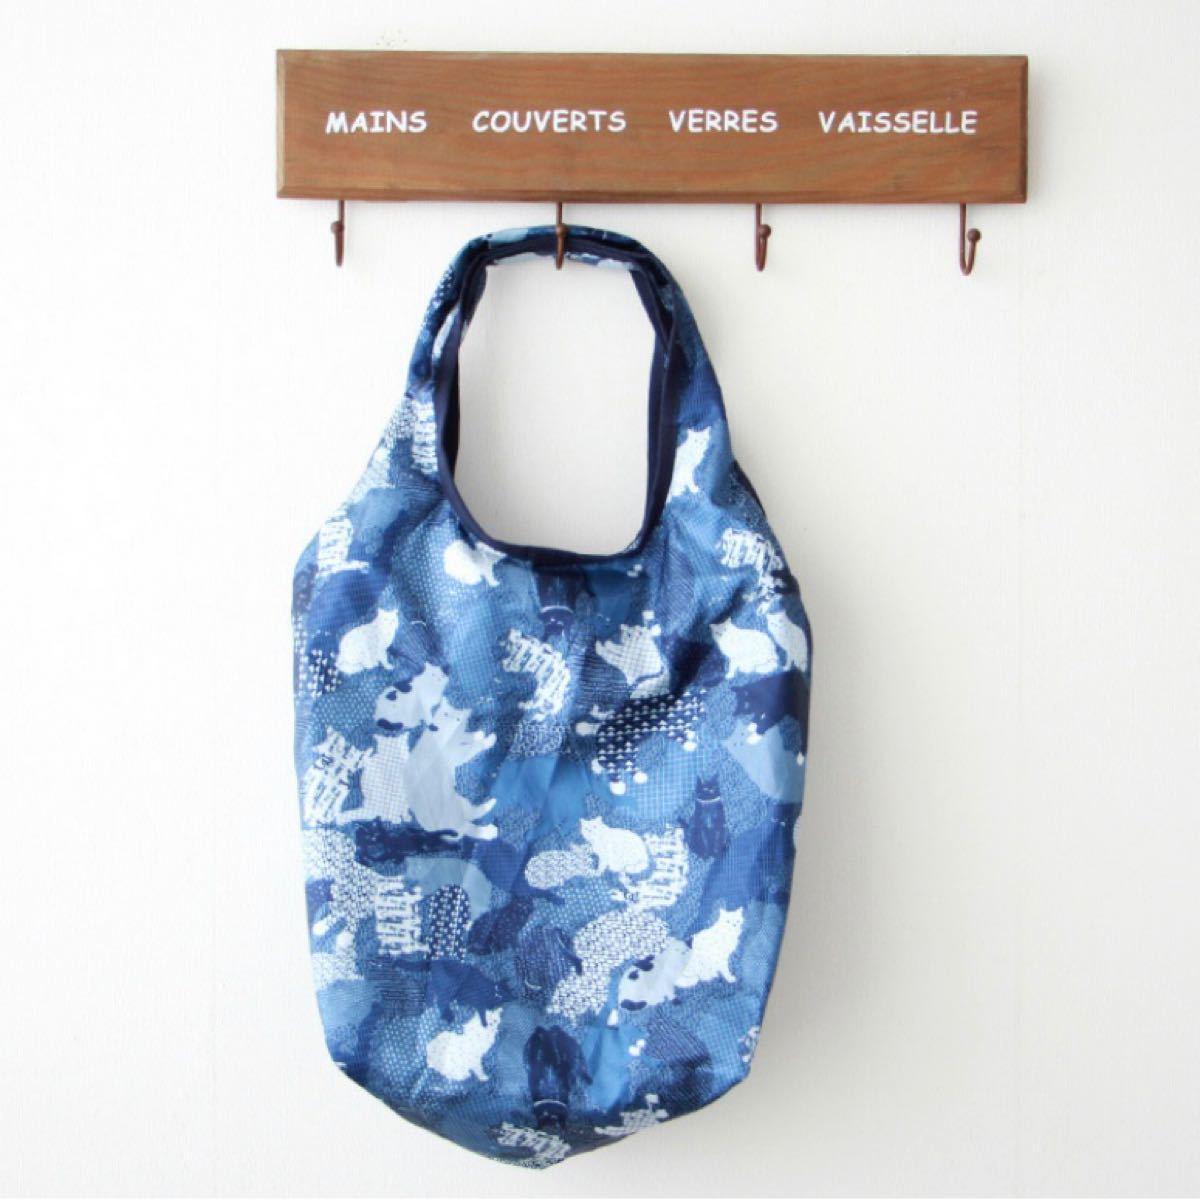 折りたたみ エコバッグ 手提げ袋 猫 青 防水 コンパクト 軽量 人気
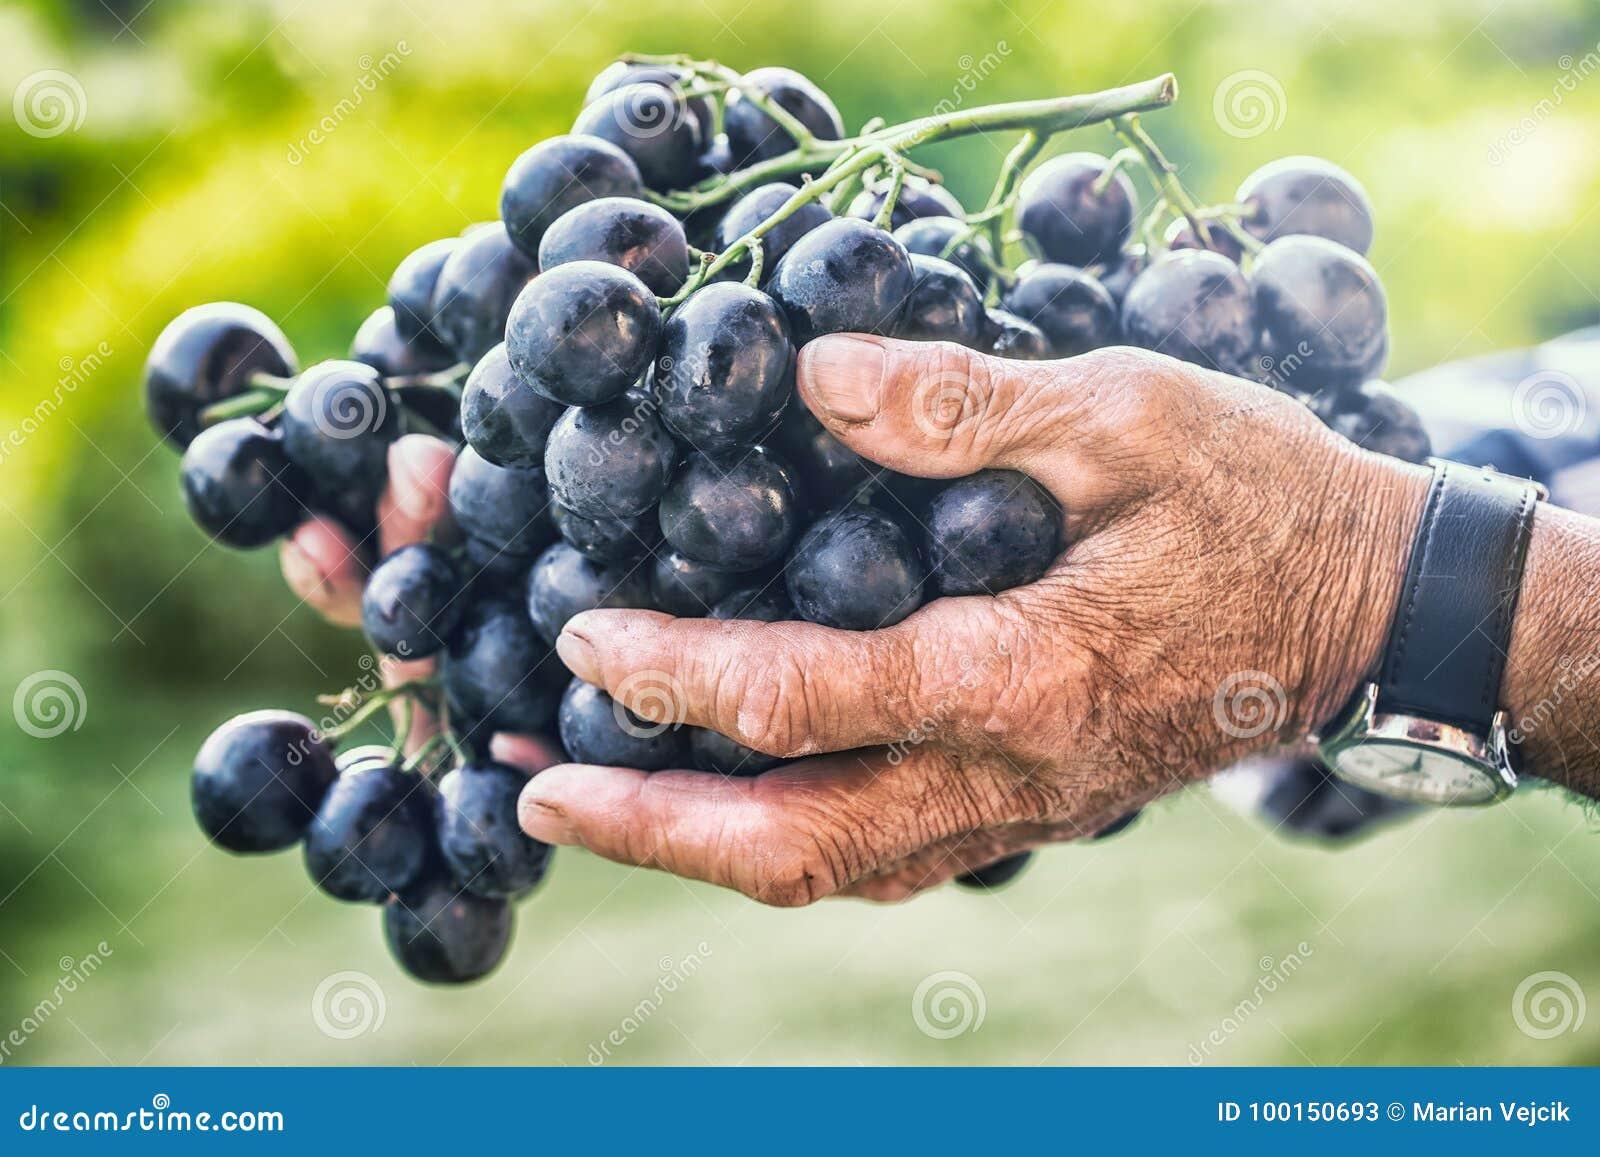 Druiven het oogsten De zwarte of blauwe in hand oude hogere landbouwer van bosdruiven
..............................
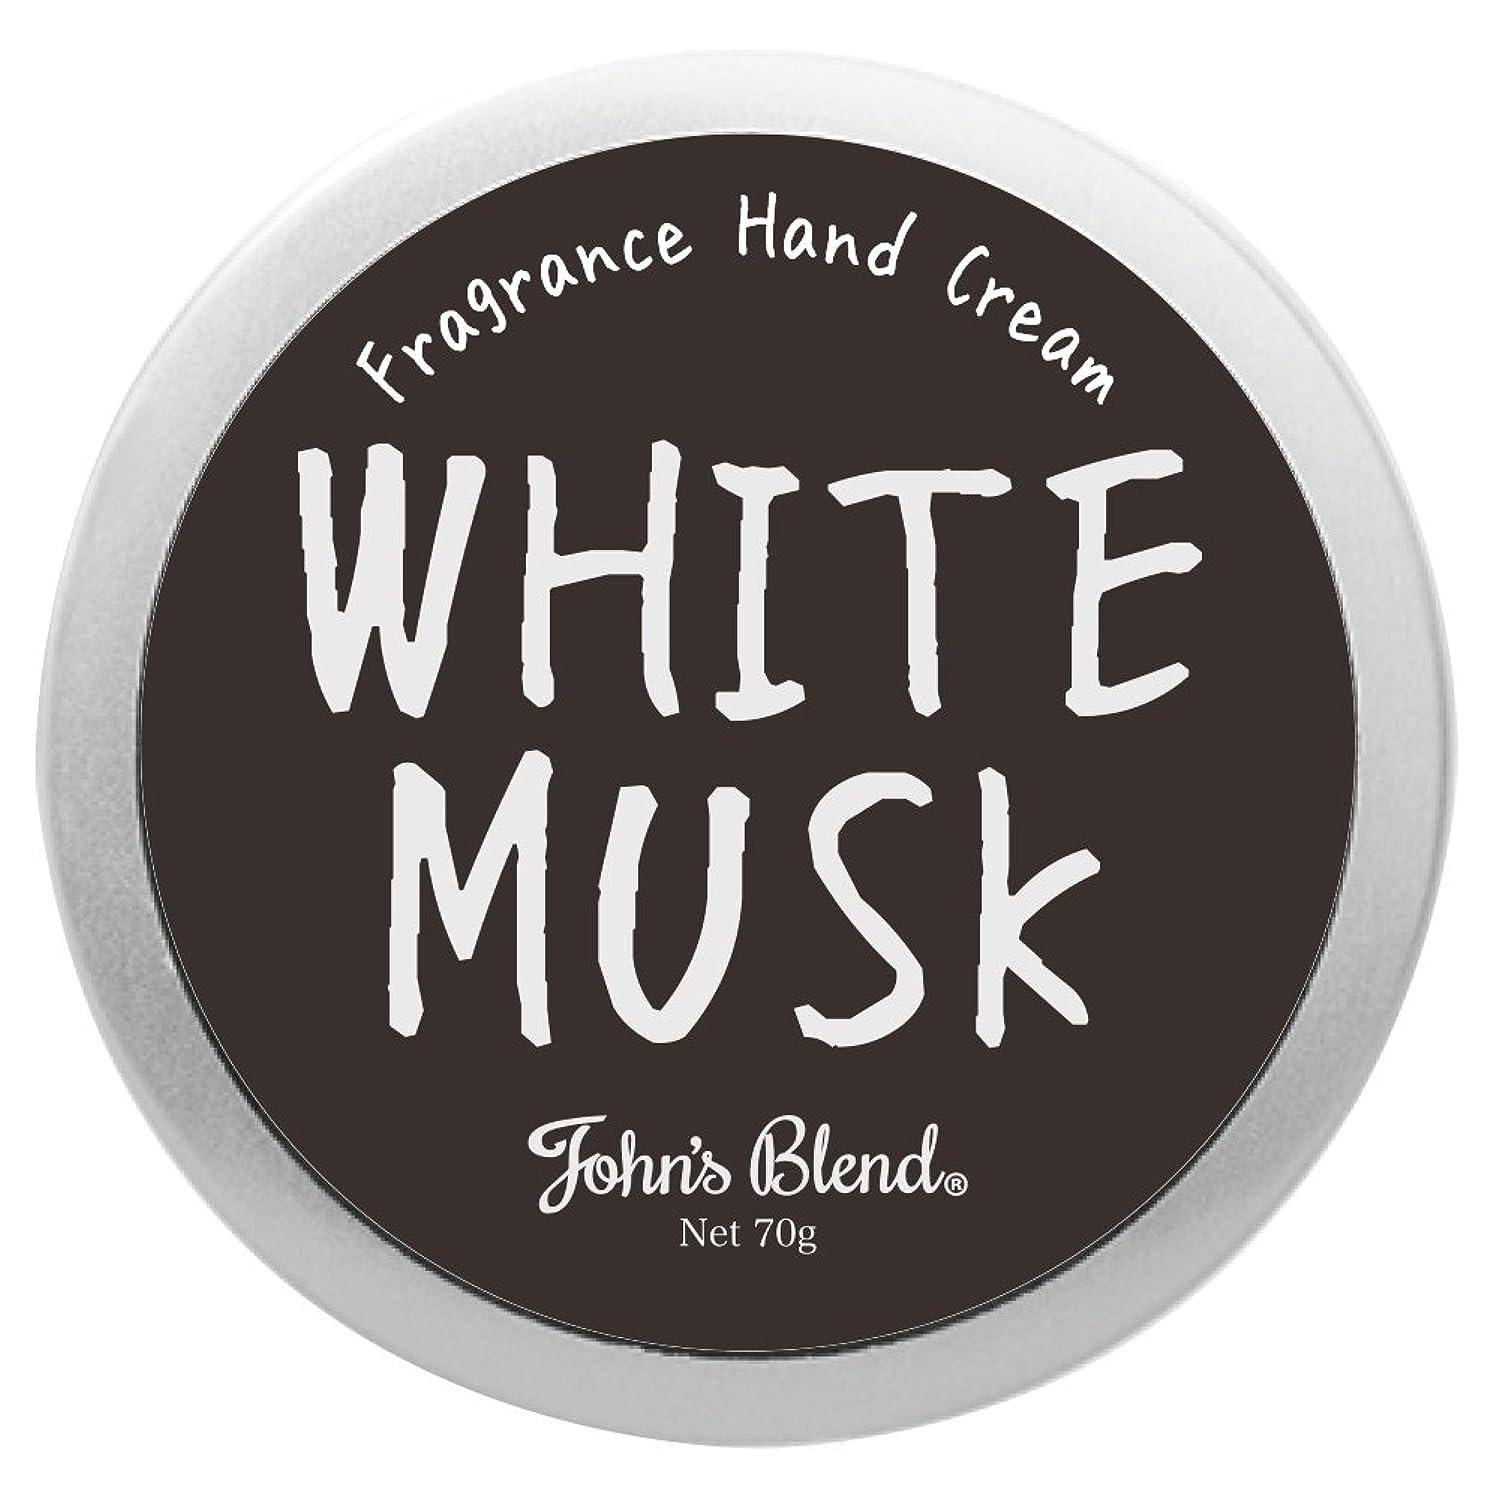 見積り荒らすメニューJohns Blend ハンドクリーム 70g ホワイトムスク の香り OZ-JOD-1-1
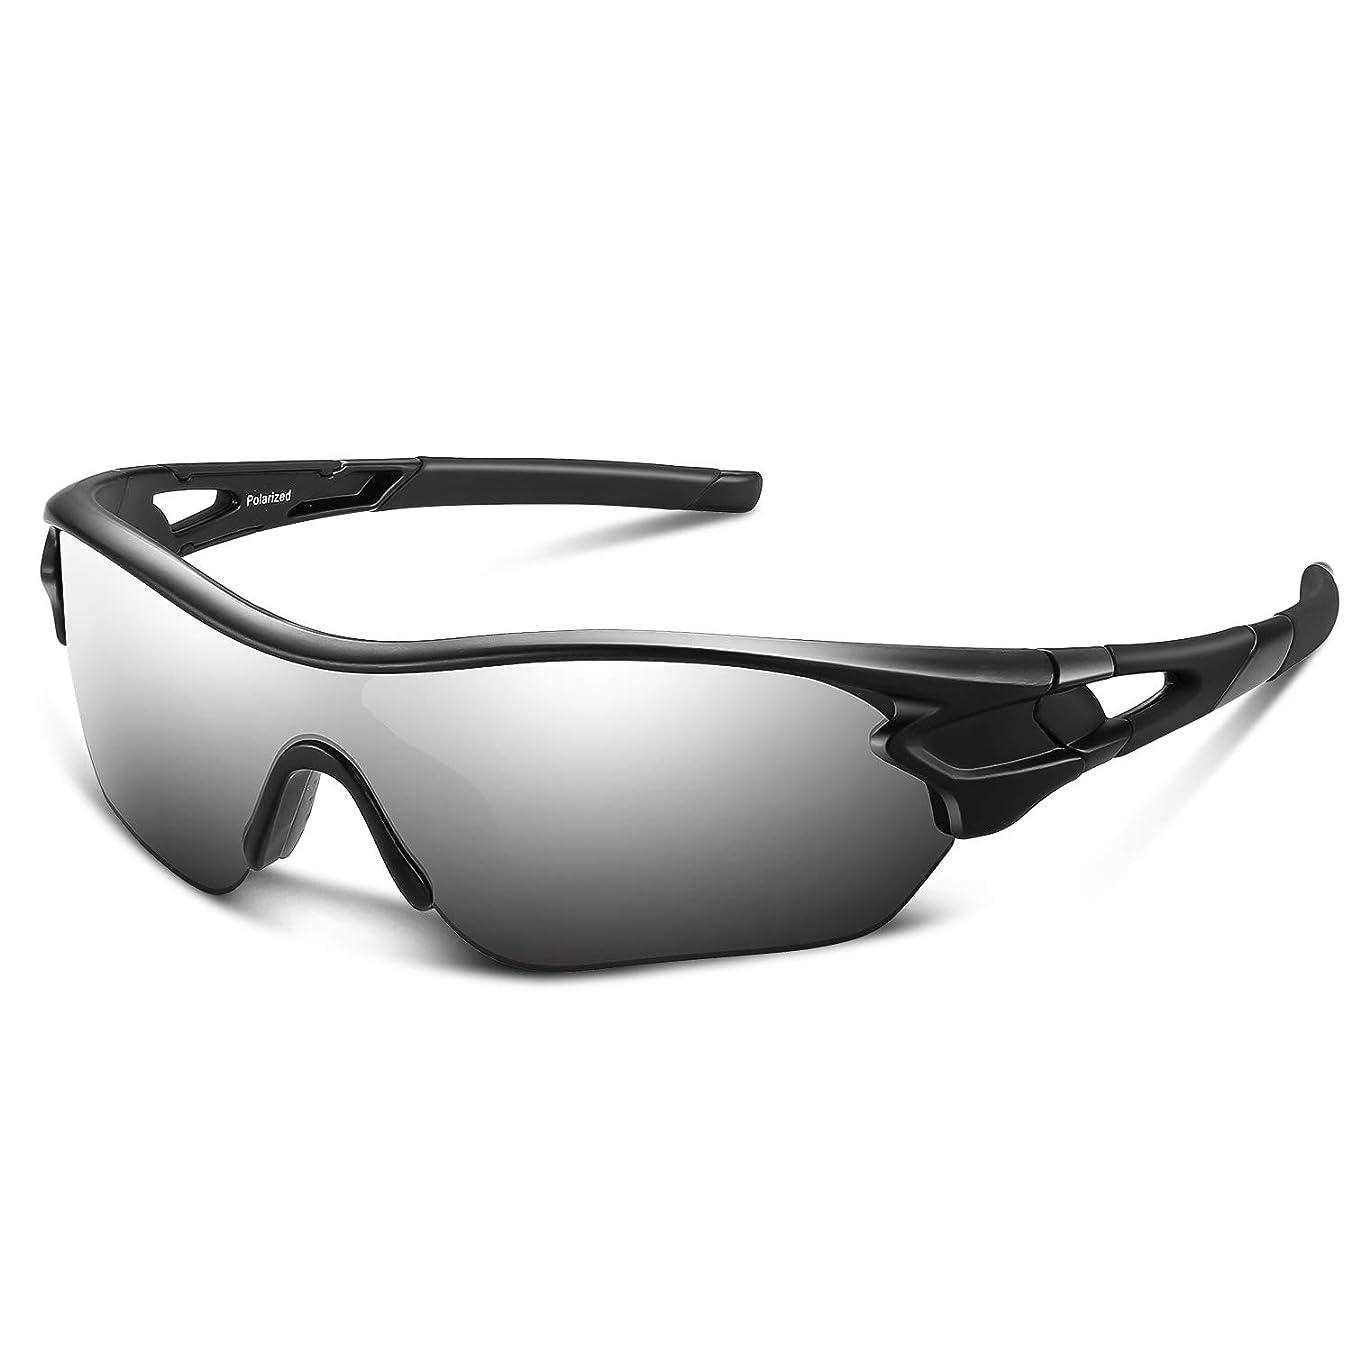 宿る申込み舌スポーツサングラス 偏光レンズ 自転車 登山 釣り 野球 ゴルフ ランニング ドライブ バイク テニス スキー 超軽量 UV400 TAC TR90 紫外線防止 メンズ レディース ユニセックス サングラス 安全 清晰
..............................
- About this task: Starting with the line that has "折りたたみ エコバッグ 手提げ袋 猫 青 防水 コンパクト 軽量 人気" and ending with the line that has "Druiven het oogsten", repeat the lines above exactly, omitting every picture.

- Response area:
 折りたたみ エコバッグ 手提げ袋 猫 青 防水 コンパクト 軽量 人気
 Druiven het oogsten De zwarte of blauwe in hand oude hogere landbouwer van bosdruiven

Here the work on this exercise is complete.